Do you honestly think that the homeless guy pushing dope downtown is the criminal element at the root of the drug trade in our city? Drugs are a billion dollar industry in our province and those organizing this industry are not the scruffy addicts lining up for a meal at the Gospel Mission.

Our primary targets in the fight against drugs should be the organized criminals getting rich from it. Again, this is not to say we should turn a blind eye to the more petty dealers in our city, but these are individuals likely trapped in an addiction themselves who are trying to survive. What they need is help not an iron fist.

As I have stated in previous columns, a large percentage of our homeless individuals are living with untreated mental illness.
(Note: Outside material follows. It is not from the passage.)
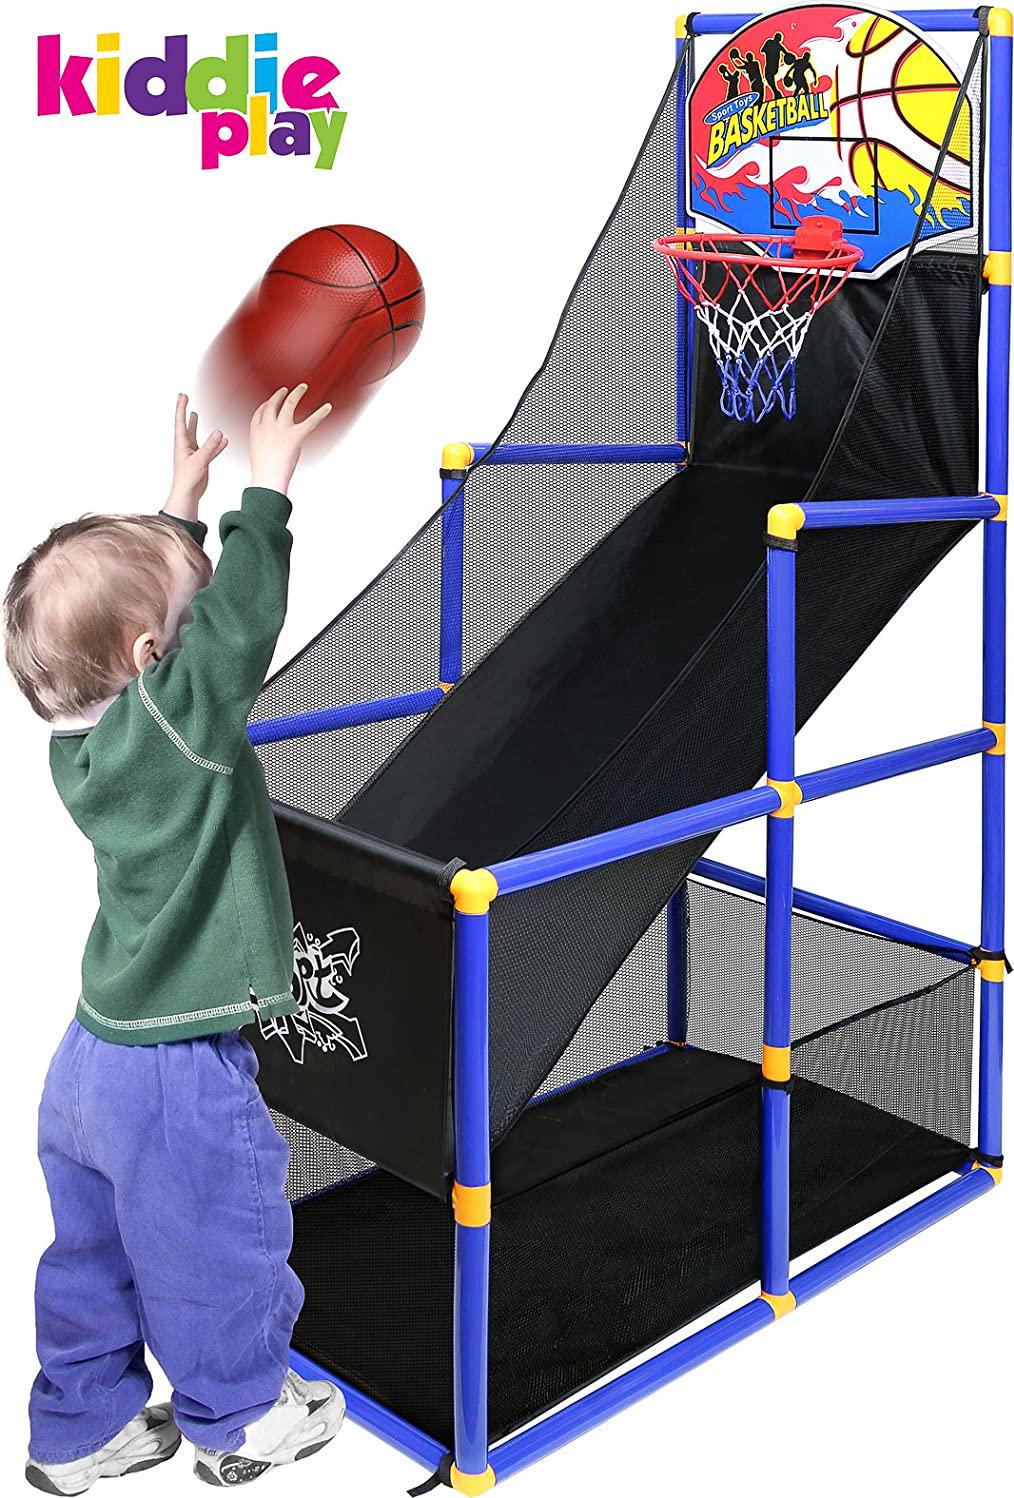 Kiddie Play, Kiddie Play Basketball Arcade Game for Kids

Estimates say that somewhere between 25 and 50 per cent of homeless individuals experience a psychiatric condition, which can make it incredibly difficult to cope with day to day life.

Many of these also struggle with some form of substance abuse. Until these problems are dealt with, there is little hope for these individuals to find stable work or be able to function well enough to pay rent and live as a contributing citizen in our community.

I strongly believe that putting in place more subsidized affordable housing in our city and accessible, integrated mental health and addiction services would go a long way toward decreasing the presence of panhandlers and petty criminals in our downtown. Not only would the city be more desirable to our needed tourists, but we would help many people restore dignity in their lives by giving them hope of a life off the streets.